A common "bias" mistake that ISP companies use to measure CSAT is to survey only the customers that contact the help desk or customer service desk. This approach is flawed. The majority of the people that contact the help desk or customer service desk has problems and they are already not satisfied in one way, shape or form.

Survey the Random Sample
Surveying requires proper wording, and proper timing. Your wording and scoring should be easily understood and should be non-biased against or for the company.

One of the worst CSAT scales I've ever seen came from a former client where they measured CSAT surveys from 1 to 10. This subjective measurement does nothing for you. Many people consider "5" as adequate and "6" as good. A preferable approach is: "Bad, Fair, Neutral, Good, or Very Good".

Timing also is important. For instance, if you're doing phone surveys -- you really don't want to survey your customers when they are at work and they are not answering their home phone. Neither would you want to survey people when they are eating dinner or sleeping. For mailings, you would probably want to survey customers right after the peak seasons, where you want to measure your "true" customer base.

Conclusion
Surveys can be a great and positive tool for your company, especially if it is done right. Consult with a statistician or a math professor if you think you need to start surveying customers. A math wiz can tell you about other survey factors such as margin of errors and confidence levels. If you fail to consult a credible third party before you survey, you may fall into what I call the "survey trap" -- where you make decisions on flawed data.

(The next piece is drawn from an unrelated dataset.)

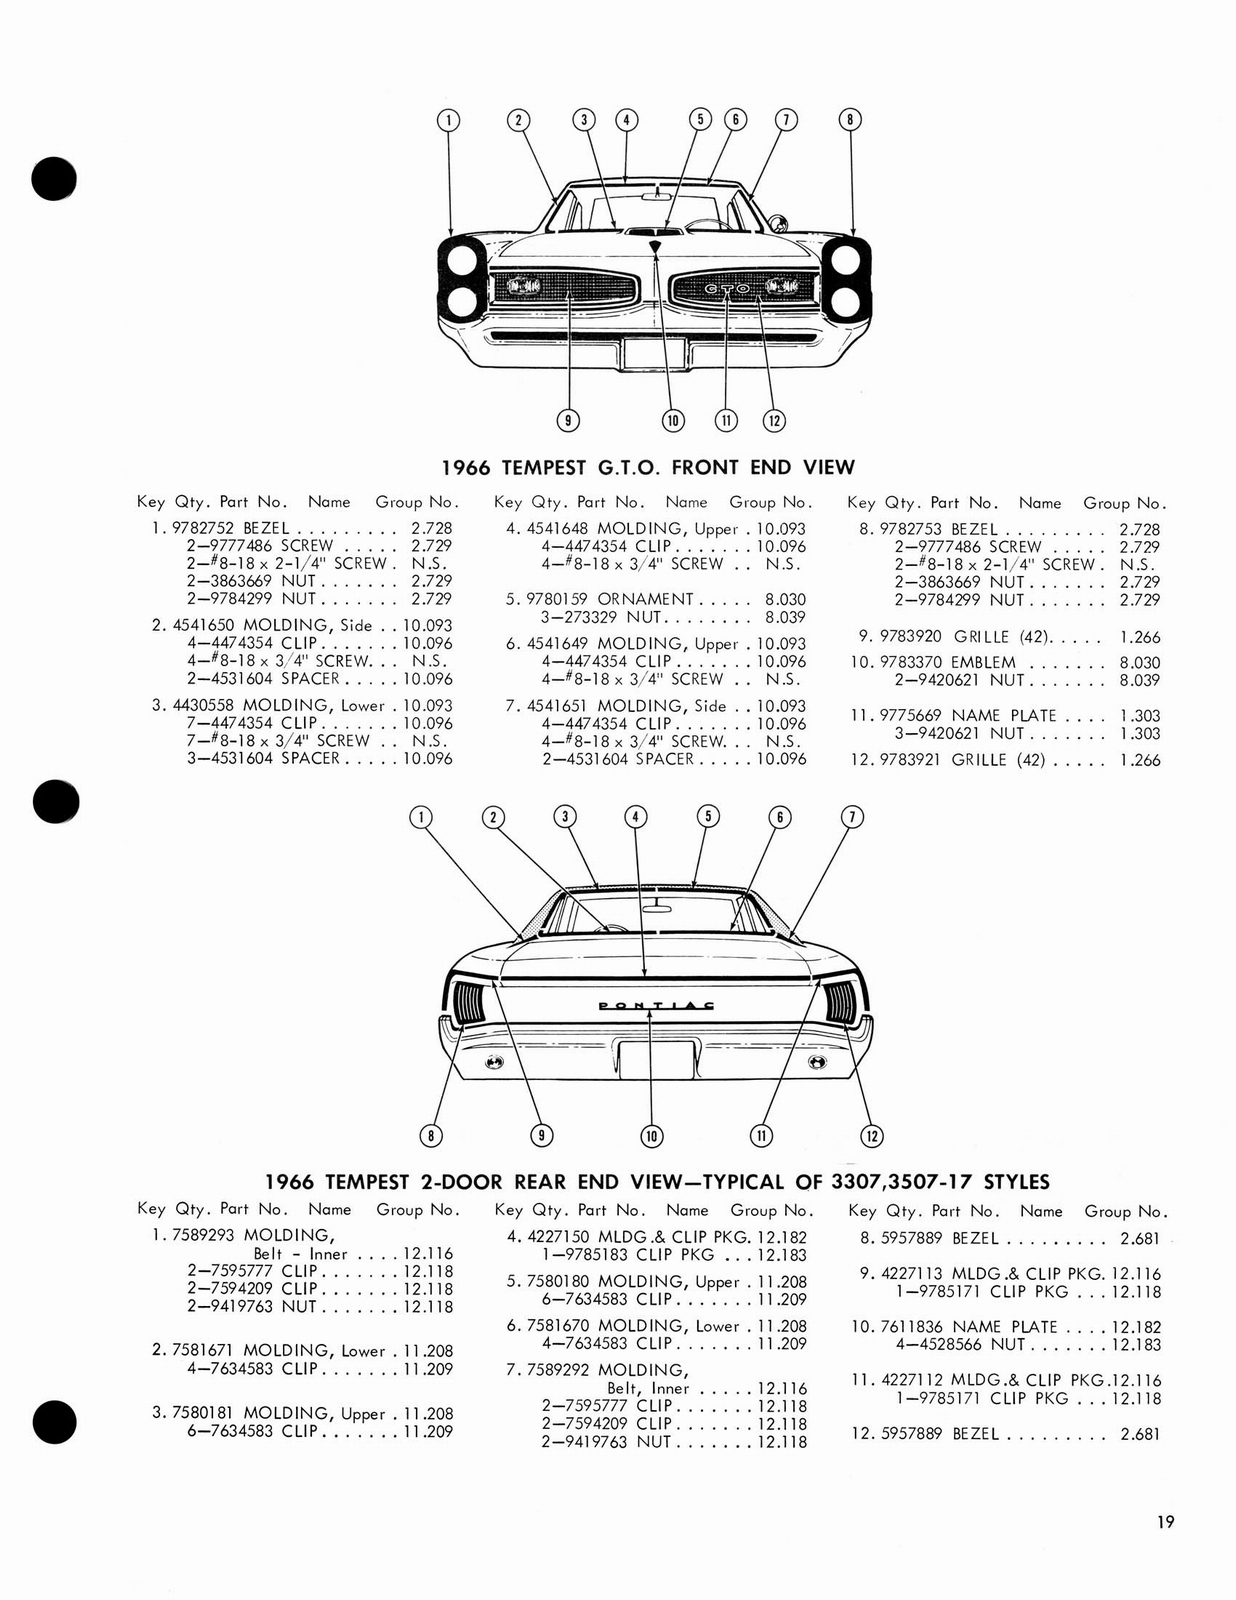 n_1966 Pontiac Molding and Clip Catalog-19.jpg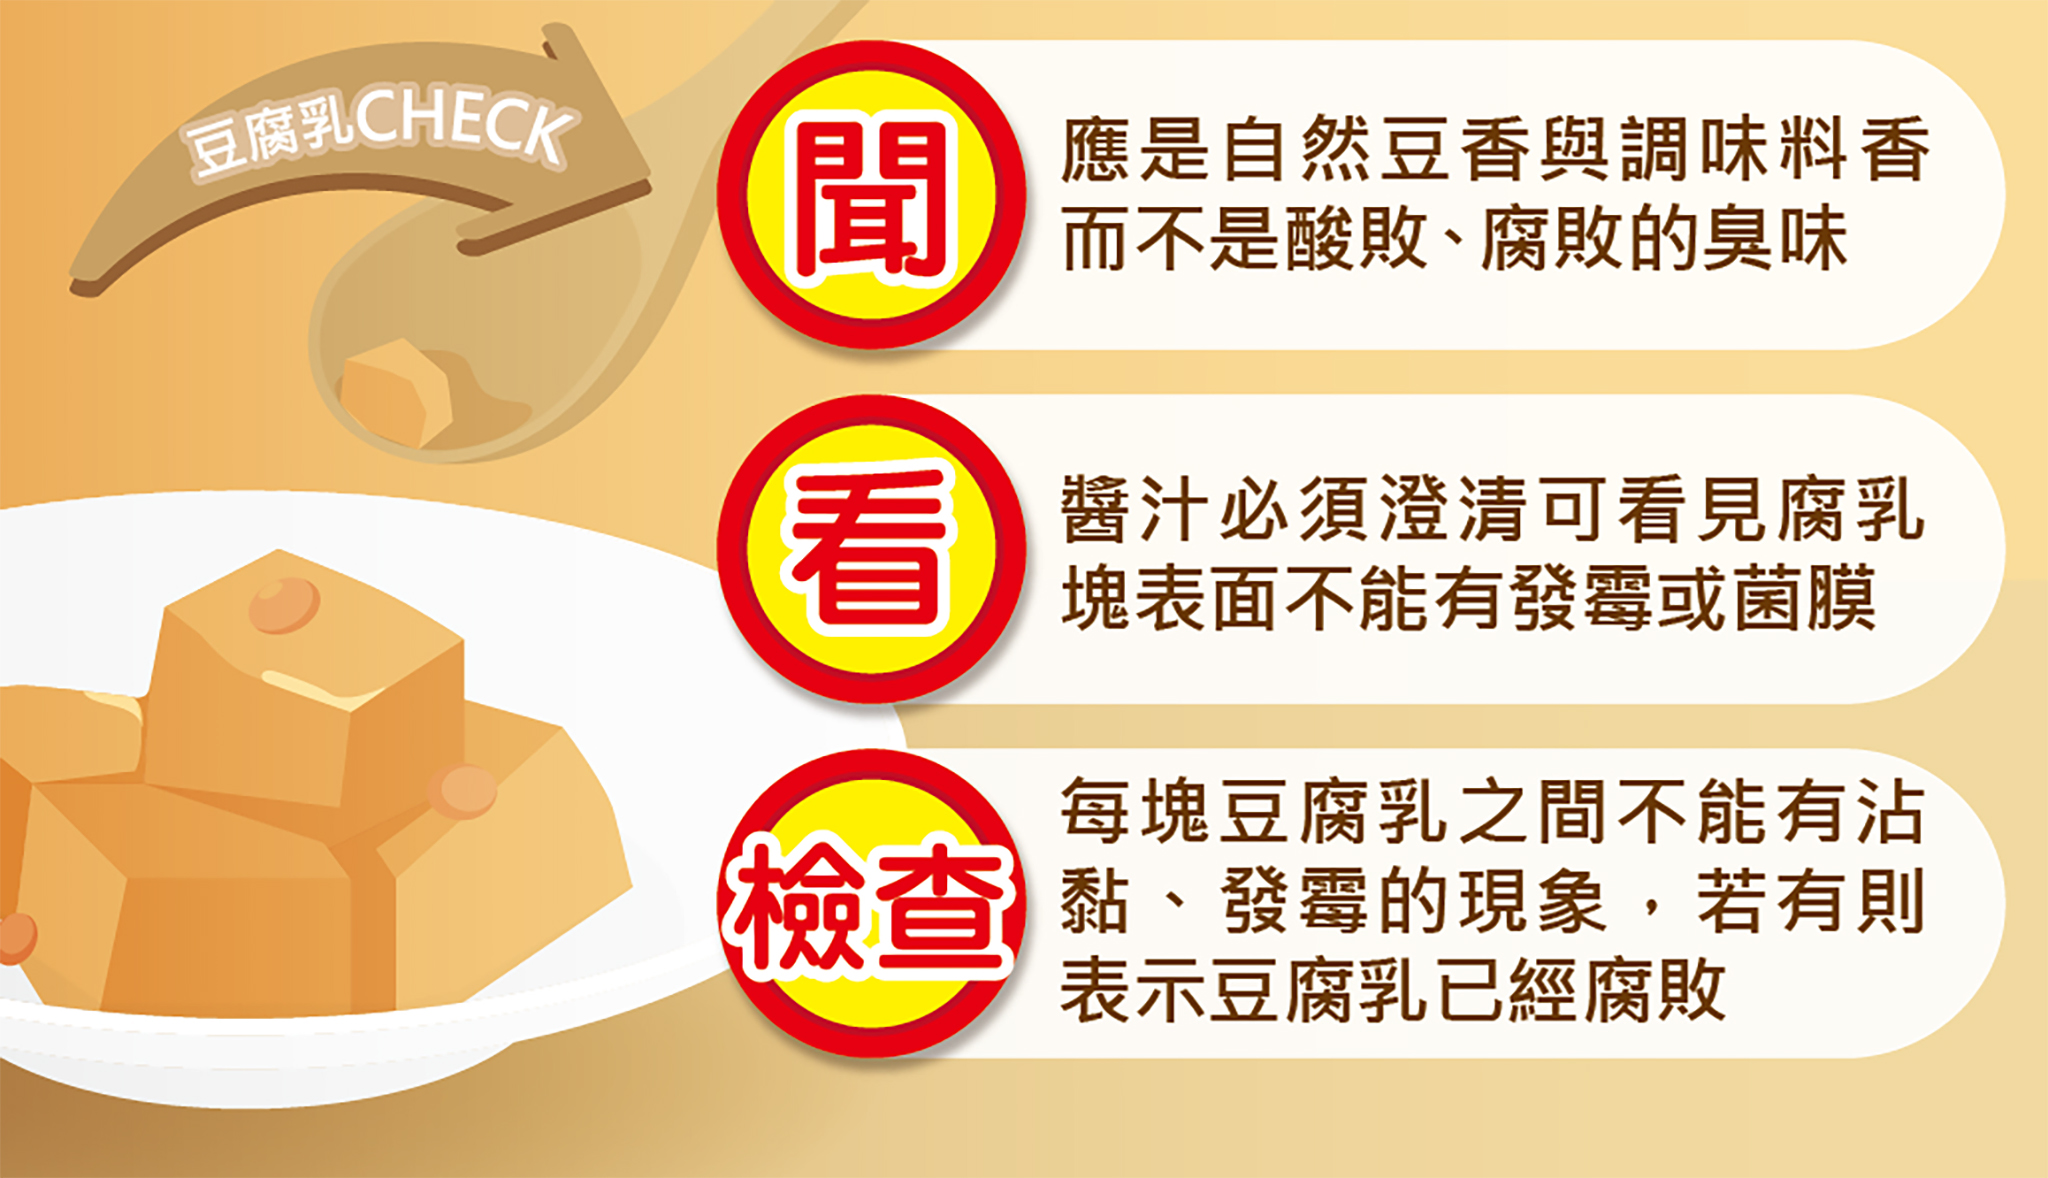 選購豆腐乳要掌握「1聞2看3檢查」的原則。

On a personal experience, I've seen clients in the survey trap and I think to this day, they are still in it. They are constantly terminating contracts, employees, and other problems for the sake of percentages and numbers that show up on their computers. There are legal consequences for these issues as well -- terminating employees for bad survey data can cost millions in unemployment hearings, wrongful termination suits, and co-employment lawsuits [co-employment is when a company has some control in a contractor's business/employees].